**Work instruction**
Return the following from the records below: each line, word for word, starting with the line that contains "sharpnose sevengill shark" and going on through the line that contains "Экспорт пожарной машины", with nothing outside that range.

▬▬▬▬▬▬

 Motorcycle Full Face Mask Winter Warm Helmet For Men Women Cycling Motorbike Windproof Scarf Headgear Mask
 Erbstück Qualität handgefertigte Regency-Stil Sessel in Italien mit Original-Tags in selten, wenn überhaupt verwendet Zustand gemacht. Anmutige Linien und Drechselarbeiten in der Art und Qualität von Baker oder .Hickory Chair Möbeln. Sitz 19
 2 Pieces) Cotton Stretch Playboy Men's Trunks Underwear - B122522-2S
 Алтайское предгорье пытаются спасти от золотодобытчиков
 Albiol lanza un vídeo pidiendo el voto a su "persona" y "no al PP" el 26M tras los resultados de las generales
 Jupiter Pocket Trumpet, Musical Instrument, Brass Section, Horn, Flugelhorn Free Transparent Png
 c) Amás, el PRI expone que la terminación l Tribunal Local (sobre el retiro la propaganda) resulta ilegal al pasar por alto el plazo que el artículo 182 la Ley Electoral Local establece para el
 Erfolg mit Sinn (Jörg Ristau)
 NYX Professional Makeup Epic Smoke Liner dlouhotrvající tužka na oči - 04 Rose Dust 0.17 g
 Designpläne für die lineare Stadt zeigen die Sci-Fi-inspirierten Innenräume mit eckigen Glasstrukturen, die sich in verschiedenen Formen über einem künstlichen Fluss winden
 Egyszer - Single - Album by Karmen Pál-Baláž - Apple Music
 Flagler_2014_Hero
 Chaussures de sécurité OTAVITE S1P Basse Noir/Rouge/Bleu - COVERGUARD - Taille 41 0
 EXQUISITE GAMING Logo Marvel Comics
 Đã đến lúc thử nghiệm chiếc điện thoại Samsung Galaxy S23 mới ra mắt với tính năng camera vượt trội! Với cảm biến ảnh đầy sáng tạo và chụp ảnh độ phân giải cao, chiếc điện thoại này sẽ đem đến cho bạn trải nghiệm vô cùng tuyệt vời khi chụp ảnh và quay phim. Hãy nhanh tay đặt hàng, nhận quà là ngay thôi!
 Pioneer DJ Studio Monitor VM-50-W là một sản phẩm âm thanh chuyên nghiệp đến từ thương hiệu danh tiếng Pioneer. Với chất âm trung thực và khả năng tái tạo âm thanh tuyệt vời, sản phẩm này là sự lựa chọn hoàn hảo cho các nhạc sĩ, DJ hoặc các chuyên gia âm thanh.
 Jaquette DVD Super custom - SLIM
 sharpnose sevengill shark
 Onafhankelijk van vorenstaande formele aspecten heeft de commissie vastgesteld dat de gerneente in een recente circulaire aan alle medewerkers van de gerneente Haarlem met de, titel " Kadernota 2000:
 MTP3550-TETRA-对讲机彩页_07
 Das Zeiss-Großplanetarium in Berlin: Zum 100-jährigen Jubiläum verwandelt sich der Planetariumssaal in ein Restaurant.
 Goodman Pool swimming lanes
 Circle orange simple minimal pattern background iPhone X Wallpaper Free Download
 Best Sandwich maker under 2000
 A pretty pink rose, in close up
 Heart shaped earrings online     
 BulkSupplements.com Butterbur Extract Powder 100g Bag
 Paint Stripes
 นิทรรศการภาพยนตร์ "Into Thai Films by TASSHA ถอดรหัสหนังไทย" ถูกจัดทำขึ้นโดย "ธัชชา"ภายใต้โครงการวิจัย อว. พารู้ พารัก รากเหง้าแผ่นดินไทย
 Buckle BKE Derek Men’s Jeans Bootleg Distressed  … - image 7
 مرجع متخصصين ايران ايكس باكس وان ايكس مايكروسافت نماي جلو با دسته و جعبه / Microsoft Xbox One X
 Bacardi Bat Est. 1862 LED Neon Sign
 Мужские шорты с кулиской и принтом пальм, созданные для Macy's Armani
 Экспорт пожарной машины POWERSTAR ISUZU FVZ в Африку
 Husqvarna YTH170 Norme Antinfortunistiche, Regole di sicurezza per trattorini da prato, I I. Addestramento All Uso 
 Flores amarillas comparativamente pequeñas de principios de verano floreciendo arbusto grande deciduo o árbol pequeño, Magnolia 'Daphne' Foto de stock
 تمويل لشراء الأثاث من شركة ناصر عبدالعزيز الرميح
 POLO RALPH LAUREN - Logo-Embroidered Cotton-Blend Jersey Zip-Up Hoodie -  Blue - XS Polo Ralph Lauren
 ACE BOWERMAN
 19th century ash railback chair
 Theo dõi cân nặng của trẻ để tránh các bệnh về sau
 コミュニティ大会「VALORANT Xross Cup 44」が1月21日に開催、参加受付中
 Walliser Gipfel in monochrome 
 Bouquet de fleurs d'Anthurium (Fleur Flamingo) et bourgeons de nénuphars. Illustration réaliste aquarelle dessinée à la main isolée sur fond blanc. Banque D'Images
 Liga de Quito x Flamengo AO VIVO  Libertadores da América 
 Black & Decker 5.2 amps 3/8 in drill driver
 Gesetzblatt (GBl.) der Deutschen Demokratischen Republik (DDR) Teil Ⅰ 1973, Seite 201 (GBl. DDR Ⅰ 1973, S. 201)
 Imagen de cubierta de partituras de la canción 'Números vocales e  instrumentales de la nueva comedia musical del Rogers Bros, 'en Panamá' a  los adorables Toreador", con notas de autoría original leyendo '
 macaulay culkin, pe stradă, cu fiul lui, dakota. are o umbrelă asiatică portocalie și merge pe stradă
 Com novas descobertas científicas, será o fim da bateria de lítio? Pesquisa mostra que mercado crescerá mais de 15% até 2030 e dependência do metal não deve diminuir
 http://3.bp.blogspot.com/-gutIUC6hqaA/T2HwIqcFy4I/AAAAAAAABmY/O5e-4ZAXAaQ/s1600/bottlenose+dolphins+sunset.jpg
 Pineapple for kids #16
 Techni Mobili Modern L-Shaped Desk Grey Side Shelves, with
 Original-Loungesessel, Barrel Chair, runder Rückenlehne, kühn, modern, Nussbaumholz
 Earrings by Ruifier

▬▬▬▬▬▬

**Answer**
 sharpnose sevengill shark
 Onafhankelijk van vorenstaande formele aspecten heeft de commissie vastgesteld dat de gerneente in een recente circulaire aan alle medewerkers van de gerneente Haarlem met de, titel " Kadernota 2000:
 MTP3550-TETRA-对讲机彩页_07
 Das Zeiss-Großplanetarium in Berlin: Zum 100-jährigen Jubiläum verwandelt sich der Planetariumssaal in ein Restaurant.
 Goodman Pool swimming lanes
 Circle orange simple minimal pattern background iPhone X Wallpaper Free Download
 Best Sandwich maker under 2000
 A pretty pink rose, in close up
 Heart shaped earrings online     
 BulkSupplements.com Butterbur Extract Powder 100g Bag
 Paint Stripes
 นิทรรศการภาพยนตร์ "Into Thai Films by TASSHA ถอดรหัสหนังไทย" ถูกจัดทำขึ้นโดย "ธัชชา"ภายใต้โครงการวิจัย อว. พารู้ พารัก รากเหง้าแผ่นดินไทย
 Buckle BKE Derek Men’s Jeans Bootleg Distressed  … - image 7
 مرجع متخصصين ايران ايكس باكس وان ايكس مايكروسافت نماي جلو با دسته و جعبه / Microsoft Xbox One X
 Bacardi Bat Est. 1862 LED Neon Sign
 Мужские шорты с кулиской и принтом пальм, созданные для Macy's Armani
 Экспорт пожарной машины POWERSTAR ISUZU FVZ в Африку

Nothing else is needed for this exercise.